PANAMA – Puerto Rican filmmaker and artist Marisol Gómez-Mouakad expects and hopes to touch a raw nerve with Latin American and Caribbean audiences when she releases her first feature, “Angelica.” The film — one of five chosen from 55 for Primera Mirada — addresses the denial of racism and sexism that can be experienced across the region.
After her black father suffers a heart attack, Angelica, played by newcomer Michelle Nonó Rodriguez, returns to Puerto Rico from New York after a long absence from the island.
The unexpected return to the house where she grew up, plus her father’s illness, forces the young woman to re-evaluate her relationship with her white mother, who has always looked down on her because of her color. Family members, especially her uncle, are blatantly racist, but label Angelica as simply being overly sensitive. To complicate matters, her partner in New York is sexist. When he travels to Puerto Rico to take his “pretty black girl” back to New York, Angelica is forced to recognize that she is really not sure who she is or what she wants to be.

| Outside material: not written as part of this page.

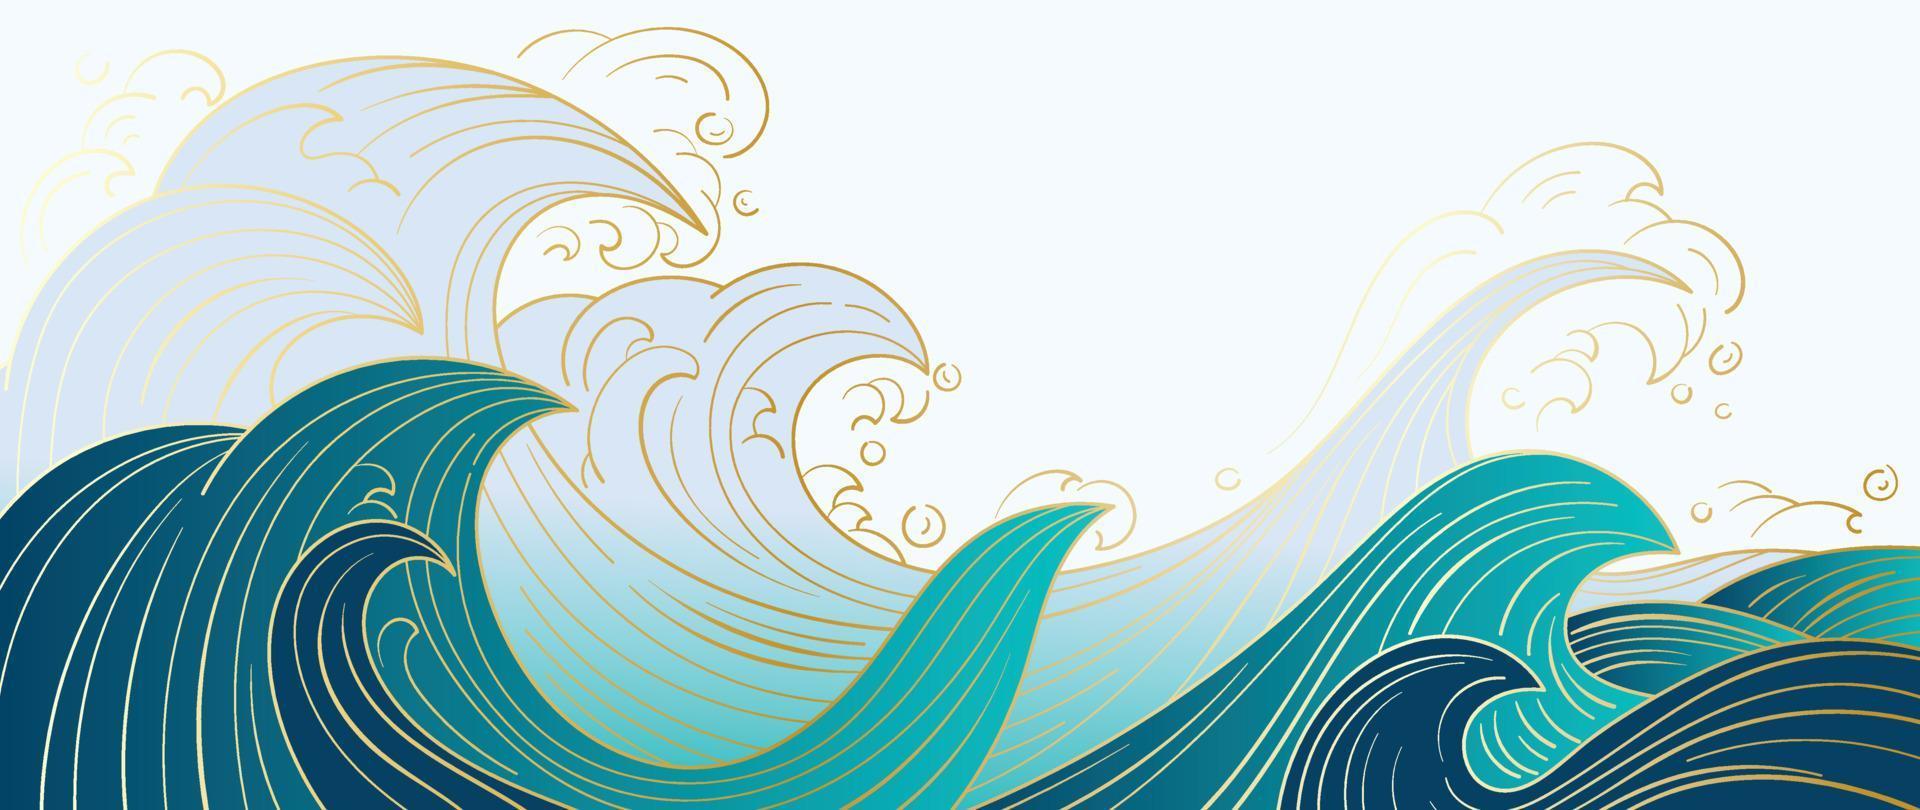 Traditional Japanese wave pattern vector. Luxury hand drawn oriental ocean wave gold line art pattern background. Art design illustration for print, fabric, poster, home decoration and wallpaper. vector
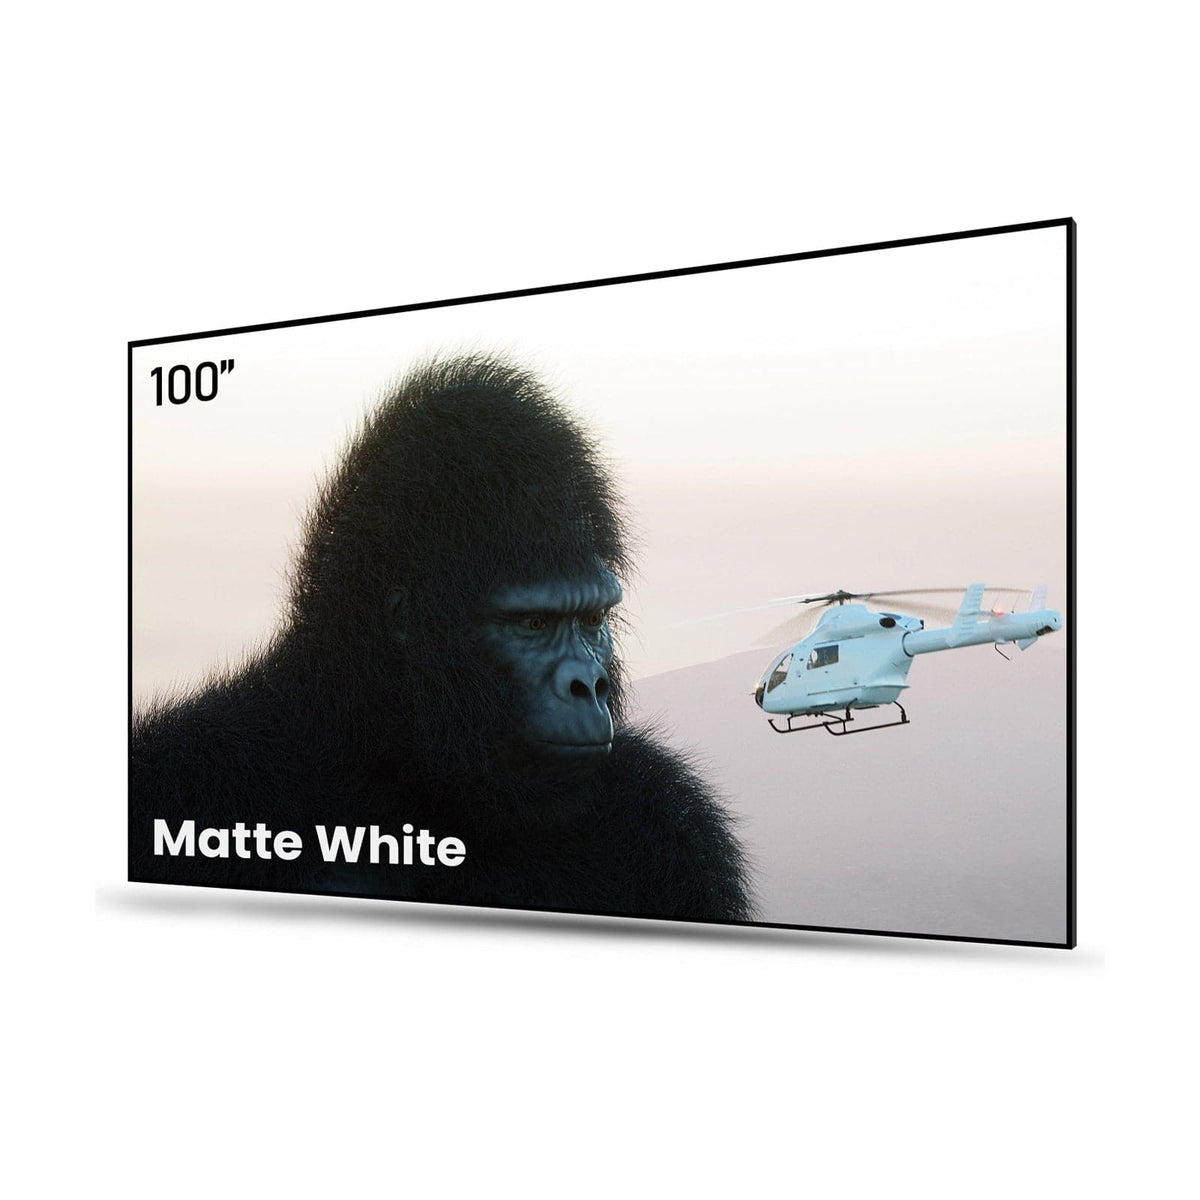 100" Matte White Screen displaying an image of a gorilla and a helicopter, perfect for each projector setups.

With the death of her father, Angelica must finally decide if she should return to the comfort of her previous life, be it with her lover or her mother, in which she is dissatisfied but secure, or set out on an a more adventurous path and hope to rediscover herself and find a place where she can live and develop as an independent, modern, woman.
“People talk about racism and sexism in the U.S.,” Gómez-Mouakad explains. “They may not do much, but in talking about it they are at least addressing the problem. In Puerto Rico — and across the Caribbean and Latin America — there is a lot of denial. If you do talk about the issues, you are accused of being over sensitive. But words have power and words can hurt.”
Asked if racism and sexism are more dangerous for the region than the religious disputes that dominate the news in other parts of the world, Gómez-Mouakad smiles: “Is it not religion that has justified racism and sexism since Colonial times? You only have to look at the images used by the church.”
Although more films are now being produced in Puerto Rico, Gómez-Mouakad explains that the economic situation in the island is bad, and that has complicated the life of producers and filmmakers, as did the election in 2012. Plus the support the Puerto Rico Film Commission gives to filmmakers is a loan arrangement rather than a straight grant, and this has to be factored into the budget.
“The challenge is not only finding the money to make the actual film, but also to find a marketing budget to launch the film and then find the screen space to show the film,” says the director. “In Puerto Rico local films have to build an audience, often through word of mouth, but that requires screen time.”
Mouakad hopes to premier the finished cut of “Angelica” at a suitable film festival before its release in Puerto Rico. Only then will the director know if the people of her island are indeed ready to talk about and address the issues raised by her film.